Public Release: 

Nicotine receptors on kidneys may speed kidney damage

American Heart Association

SAN ANTONIO, Texas, Oct. 4 - Scientists say they have found nicotine receptors on kidney cells that may link nicotine to accelerated kidney damage in cigarette smokers.

Their research -- presented at the American Heart Association's 60th Annual Fall Conference of the Council for High Blood Pressure Research -- also identifies nicotine as the component of cigarette smoke that damages the kidneys.

"There are many substances in cigarette smoke and nicotine is one of the more investigated ones," said Edgar A. Jaimes, M.D., associate professor of medicine at the University of Miami School of Medicine in Florida. "Initially, it was believed that the nicotine component of cigarette smoke was only responsible for the addictive effects of smoking. However, now we are finding out that nicotine can have significant biological effects in other tissues."
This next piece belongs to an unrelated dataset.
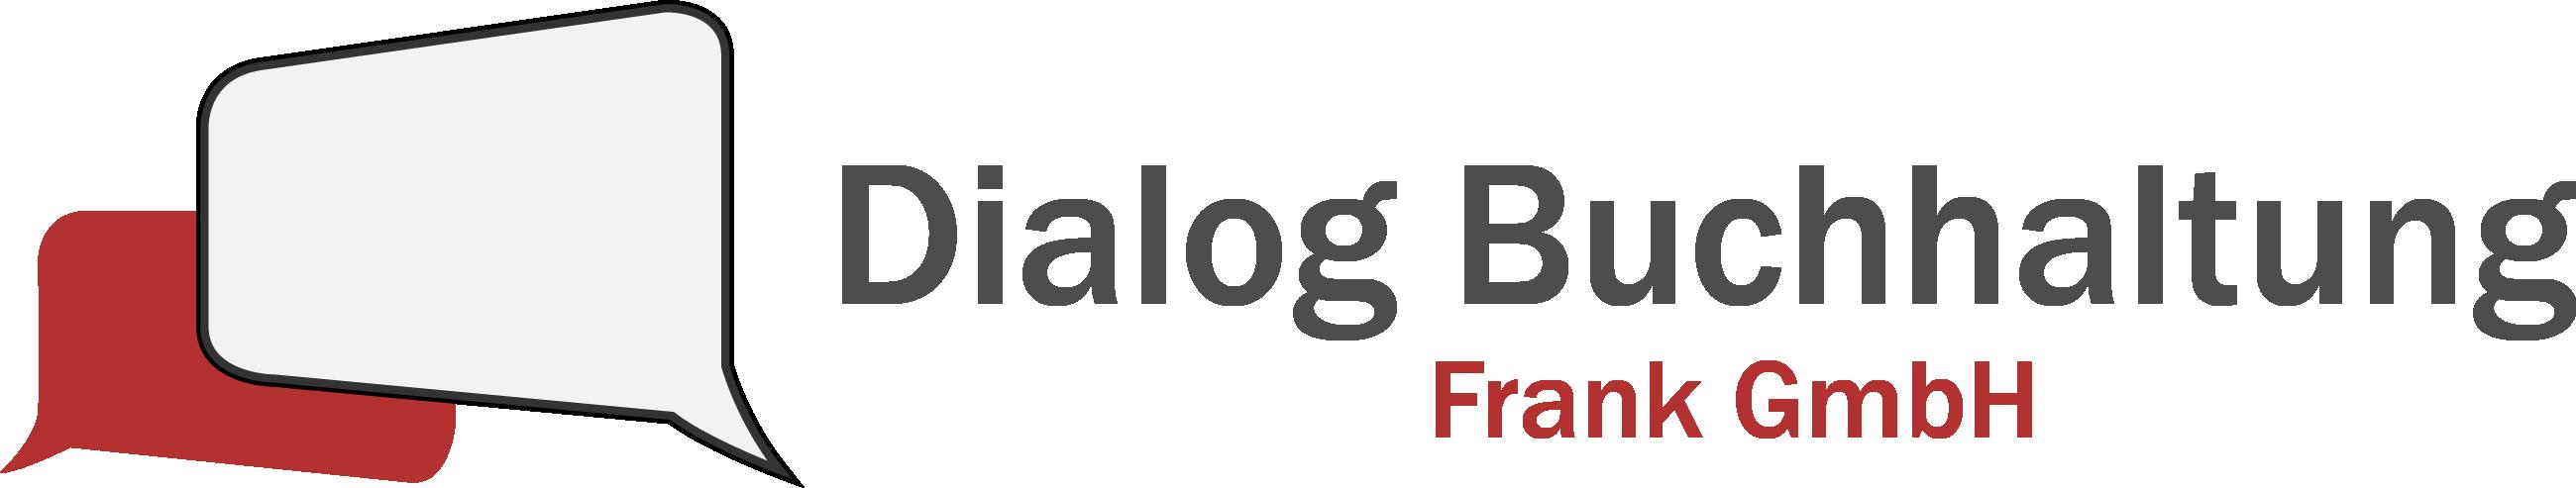 Dialog-Buchhaltung
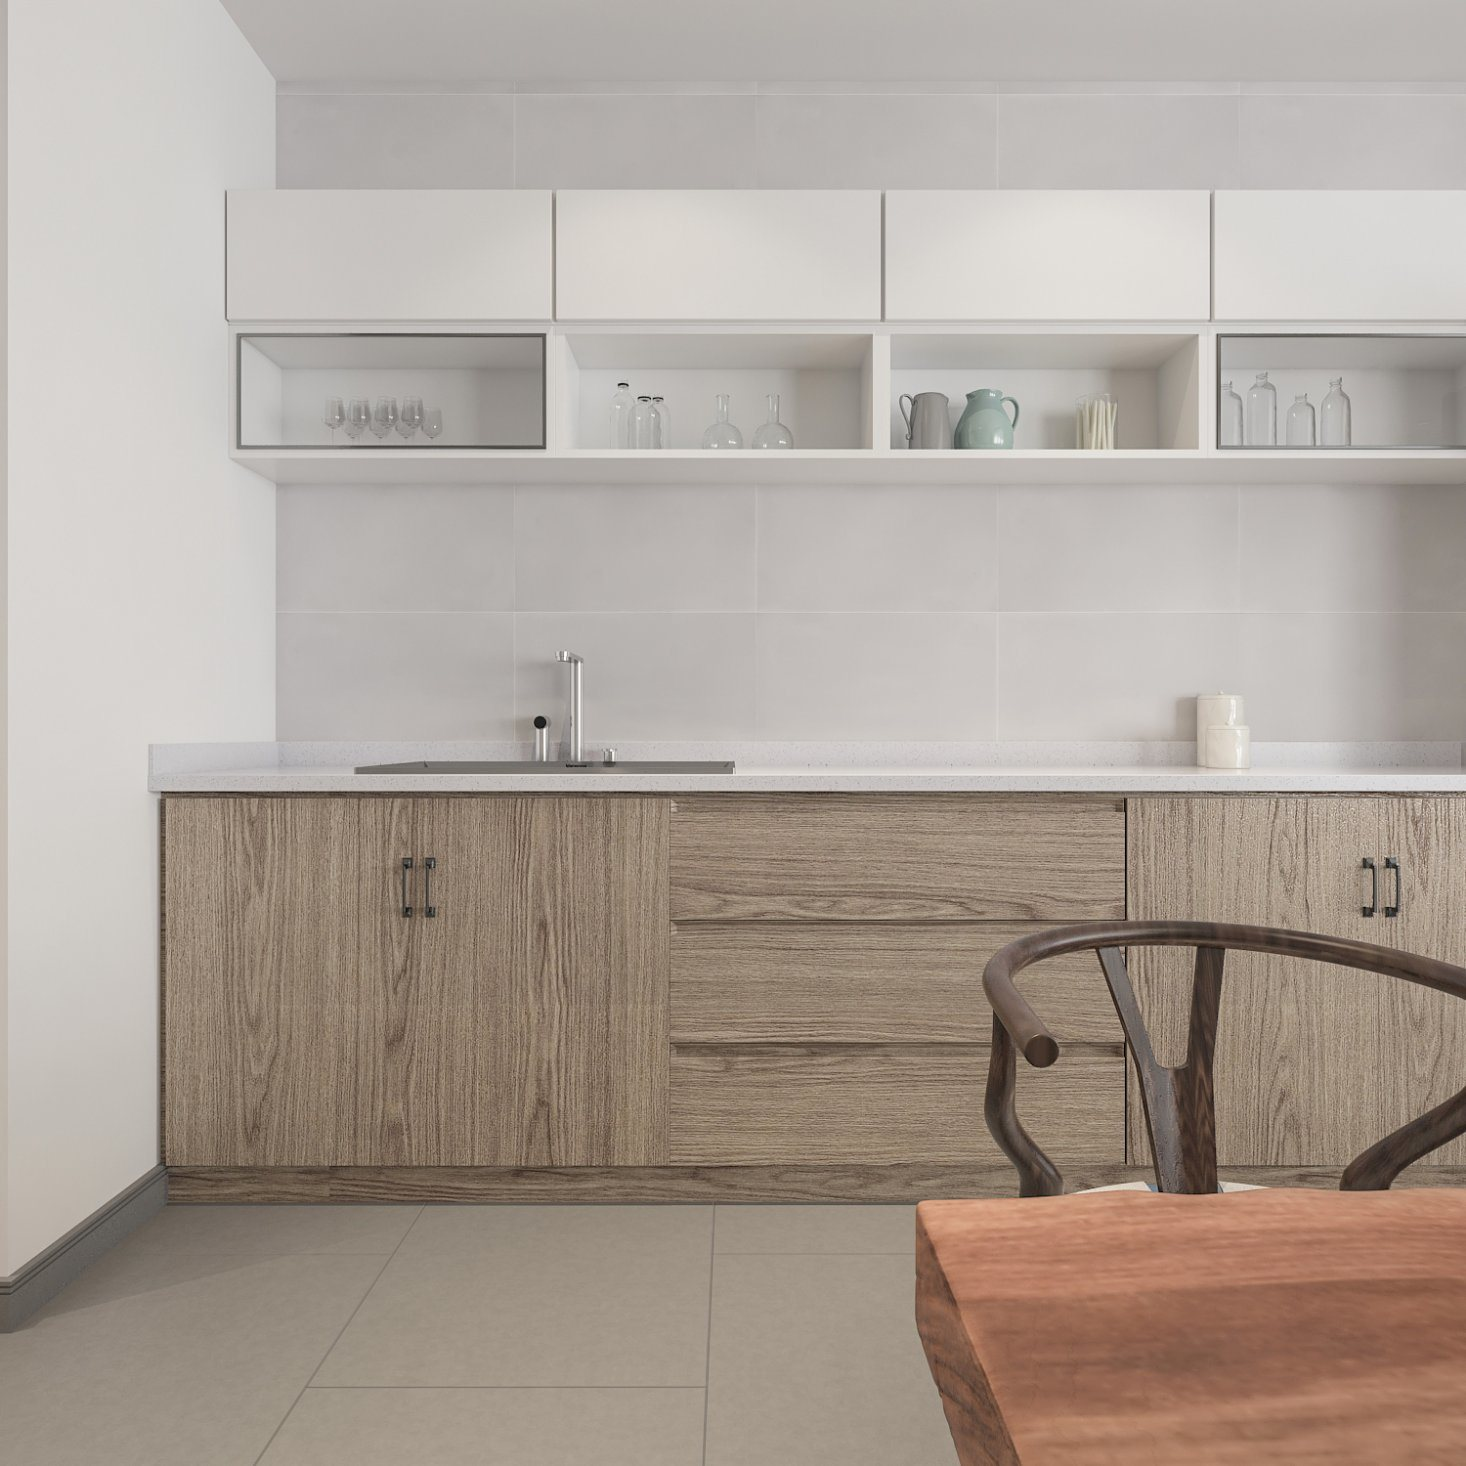 - China Rectangular Ceramic 30X60cm Modern White Tile Backsplash

The kidneys regulate the body's excretion and reabsorption of water and electrolytes (sodium, potassium, chloride, calcium, magnesium, sulfate, phosphate and hydrogen). If the kidneys are less able to excrete these substances, extracellular fluid and blood volumes increase. High buildups of wastes in the blood can make a person feel sick.

Kidney disease is the most common cause of secondary hypertension (high blood pressure). Cardiovascular disease is the major cause of death for all people with chronic kidney disease. Even subtle disruptions in kidney function play a role in most, if not all, cases of high blood pressure and increased injury to the kidneys. If kidney disease progresses, it may lead to kidney failure, which requires dialysis or a kidney transplant to maintain life.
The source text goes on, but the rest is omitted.